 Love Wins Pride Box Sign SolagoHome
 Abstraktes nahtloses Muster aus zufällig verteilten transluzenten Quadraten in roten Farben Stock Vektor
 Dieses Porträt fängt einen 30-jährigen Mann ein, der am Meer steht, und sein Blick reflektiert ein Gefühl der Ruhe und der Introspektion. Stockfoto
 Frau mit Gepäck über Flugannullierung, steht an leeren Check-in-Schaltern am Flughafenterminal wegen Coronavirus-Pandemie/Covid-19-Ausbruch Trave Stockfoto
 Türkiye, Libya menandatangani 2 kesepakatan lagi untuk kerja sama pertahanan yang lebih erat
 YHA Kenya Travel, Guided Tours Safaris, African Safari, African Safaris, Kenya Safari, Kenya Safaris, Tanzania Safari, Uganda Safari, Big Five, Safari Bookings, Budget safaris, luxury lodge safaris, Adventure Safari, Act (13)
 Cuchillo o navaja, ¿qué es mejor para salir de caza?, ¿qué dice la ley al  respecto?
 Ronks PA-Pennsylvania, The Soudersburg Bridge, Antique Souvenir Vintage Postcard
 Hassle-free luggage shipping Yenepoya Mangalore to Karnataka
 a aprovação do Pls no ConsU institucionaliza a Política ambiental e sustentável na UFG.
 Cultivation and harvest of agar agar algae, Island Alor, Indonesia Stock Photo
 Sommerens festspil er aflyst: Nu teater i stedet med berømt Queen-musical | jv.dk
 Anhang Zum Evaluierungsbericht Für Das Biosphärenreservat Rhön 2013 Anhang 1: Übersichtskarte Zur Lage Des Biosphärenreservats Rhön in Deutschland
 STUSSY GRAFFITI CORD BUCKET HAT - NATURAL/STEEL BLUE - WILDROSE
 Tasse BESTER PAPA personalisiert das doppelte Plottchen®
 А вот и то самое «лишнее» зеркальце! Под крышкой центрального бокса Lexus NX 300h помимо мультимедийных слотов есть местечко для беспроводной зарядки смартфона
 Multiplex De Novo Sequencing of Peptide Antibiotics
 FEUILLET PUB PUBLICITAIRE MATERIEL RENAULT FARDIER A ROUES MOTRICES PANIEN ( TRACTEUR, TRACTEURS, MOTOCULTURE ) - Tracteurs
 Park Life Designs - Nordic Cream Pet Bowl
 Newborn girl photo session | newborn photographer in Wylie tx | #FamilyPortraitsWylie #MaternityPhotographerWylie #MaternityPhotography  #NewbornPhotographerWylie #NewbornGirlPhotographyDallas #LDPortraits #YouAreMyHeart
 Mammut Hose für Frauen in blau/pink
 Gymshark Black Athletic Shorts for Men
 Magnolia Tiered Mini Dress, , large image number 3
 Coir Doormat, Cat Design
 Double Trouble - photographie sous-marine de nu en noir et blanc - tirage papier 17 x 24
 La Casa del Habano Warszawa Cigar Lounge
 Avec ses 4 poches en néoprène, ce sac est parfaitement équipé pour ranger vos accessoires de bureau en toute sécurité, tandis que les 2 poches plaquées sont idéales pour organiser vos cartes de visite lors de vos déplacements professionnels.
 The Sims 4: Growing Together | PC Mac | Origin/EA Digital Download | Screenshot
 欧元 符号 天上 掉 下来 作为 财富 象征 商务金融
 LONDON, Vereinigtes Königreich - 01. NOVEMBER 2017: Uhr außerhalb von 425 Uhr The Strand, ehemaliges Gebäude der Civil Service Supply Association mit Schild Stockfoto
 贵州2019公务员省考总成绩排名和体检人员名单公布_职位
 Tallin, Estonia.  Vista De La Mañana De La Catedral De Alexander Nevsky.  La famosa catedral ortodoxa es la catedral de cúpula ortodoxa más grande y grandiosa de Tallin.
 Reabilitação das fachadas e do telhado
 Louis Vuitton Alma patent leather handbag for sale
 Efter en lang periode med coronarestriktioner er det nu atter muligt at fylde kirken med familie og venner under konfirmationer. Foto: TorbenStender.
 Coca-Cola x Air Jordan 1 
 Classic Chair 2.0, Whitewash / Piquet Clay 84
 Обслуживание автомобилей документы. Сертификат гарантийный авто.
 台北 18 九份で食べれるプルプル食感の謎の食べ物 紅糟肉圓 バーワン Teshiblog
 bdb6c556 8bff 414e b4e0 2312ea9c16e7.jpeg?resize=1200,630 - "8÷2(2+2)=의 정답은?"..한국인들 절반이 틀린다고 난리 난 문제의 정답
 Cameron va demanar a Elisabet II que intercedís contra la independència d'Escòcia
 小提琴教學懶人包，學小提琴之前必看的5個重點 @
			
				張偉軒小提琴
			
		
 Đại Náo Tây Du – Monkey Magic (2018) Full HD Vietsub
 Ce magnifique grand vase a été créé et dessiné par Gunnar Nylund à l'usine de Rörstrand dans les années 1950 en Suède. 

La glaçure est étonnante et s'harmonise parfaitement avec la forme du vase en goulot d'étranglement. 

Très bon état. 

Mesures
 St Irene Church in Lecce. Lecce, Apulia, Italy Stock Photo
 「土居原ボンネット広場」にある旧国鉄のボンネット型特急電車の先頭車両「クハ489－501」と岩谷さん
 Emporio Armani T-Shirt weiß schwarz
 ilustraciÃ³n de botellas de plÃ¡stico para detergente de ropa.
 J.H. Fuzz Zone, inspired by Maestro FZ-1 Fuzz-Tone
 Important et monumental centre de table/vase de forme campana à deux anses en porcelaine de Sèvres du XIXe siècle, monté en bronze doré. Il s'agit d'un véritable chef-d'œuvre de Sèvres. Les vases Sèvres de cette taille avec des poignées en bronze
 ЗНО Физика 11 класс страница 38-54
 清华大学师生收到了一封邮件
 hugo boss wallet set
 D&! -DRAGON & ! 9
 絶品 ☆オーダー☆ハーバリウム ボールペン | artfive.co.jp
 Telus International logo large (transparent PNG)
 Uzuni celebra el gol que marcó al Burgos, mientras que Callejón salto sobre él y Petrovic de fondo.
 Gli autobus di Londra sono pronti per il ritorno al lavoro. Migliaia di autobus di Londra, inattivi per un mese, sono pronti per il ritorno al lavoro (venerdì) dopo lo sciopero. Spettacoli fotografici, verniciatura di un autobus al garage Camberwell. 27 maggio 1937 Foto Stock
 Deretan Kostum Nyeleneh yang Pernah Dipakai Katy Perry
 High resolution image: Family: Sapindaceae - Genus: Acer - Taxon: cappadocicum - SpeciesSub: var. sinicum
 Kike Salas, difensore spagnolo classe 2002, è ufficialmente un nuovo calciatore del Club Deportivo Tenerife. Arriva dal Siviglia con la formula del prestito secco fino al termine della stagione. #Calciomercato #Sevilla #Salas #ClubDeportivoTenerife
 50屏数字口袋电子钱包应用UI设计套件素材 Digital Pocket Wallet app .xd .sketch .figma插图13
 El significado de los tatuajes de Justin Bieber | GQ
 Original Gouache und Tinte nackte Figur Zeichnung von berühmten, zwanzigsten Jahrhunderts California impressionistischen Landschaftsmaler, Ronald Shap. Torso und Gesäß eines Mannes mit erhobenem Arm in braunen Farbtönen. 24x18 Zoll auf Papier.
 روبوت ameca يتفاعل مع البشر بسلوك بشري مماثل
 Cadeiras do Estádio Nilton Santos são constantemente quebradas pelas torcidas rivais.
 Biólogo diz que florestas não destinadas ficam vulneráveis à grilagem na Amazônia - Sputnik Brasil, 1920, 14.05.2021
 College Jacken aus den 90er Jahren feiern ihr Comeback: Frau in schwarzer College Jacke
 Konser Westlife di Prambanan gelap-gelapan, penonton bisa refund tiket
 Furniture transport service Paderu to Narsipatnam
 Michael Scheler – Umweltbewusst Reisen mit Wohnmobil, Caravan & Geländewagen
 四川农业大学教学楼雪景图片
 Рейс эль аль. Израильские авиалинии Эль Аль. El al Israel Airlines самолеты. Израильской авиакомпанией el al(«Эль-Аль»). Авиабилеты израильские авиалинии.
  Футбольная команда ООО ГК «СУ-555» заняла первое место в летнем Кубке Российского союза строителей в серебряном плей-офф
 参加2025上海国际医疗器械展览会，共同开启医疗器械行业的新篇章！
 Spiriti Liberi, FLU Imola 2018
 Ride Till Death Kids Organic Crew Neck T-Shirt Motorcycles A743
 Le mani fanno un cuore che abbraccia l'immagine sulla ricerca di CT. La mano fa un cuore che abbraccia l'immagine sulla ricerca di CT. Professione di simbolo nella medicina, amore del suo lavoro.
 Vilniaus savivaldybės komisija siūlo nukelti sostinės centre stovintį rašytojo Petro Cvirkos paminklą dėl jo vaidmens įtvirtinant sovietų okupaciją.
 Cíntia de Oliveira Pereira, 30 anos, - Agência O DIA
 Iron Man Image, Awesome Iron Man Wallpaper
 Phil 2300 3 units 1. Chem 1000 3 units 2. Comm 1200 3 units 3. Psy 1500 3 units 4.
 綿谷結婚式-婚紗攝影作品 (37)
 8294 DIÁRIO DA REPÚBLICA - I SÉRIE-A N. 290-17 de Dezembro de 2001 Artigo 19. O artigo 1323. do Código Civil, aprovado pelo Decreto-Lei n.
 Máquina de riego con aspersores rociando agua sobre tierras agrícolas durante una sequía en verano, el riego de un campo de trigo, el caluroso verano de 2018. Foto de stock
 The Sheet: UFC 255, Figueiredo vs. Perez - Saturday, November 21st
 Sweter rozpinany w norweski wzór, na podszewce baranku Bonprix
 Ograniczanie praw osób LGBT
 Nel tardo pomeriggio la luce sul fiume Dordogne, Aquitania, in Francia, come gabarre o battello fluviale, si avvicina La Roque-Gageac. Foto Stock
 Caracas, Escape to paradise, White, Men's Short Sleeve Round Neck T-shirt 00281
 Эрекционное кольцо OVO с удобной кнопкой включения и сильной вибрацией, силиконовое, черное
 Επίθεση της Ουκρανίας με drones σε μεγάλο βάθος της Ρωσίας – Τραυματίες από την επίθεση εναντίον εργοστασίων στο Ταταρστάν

[What you have to do] Where a line of the entries contains the word "vase", copy that line.

[Task solution]
 Ce magnifique grand vase a été créé et dessiné par Gunnar Nylund à l'usine de Rörstrand dans les années 1950 en Suède. 
La glaçure est étonnante et s'harmonise parfaitement avec la forme du vase en goulot d'étranglement. 
 Important et monumental centre de table/vase de forme campana à deux anses en porcelaine de Sèvres du XIXe siècle, monté en bronze doré. Il s'agit d'un véritable chef-d'œuvre de Sèvres. Les vases Sèvres de cette taille avec des poignées en bronze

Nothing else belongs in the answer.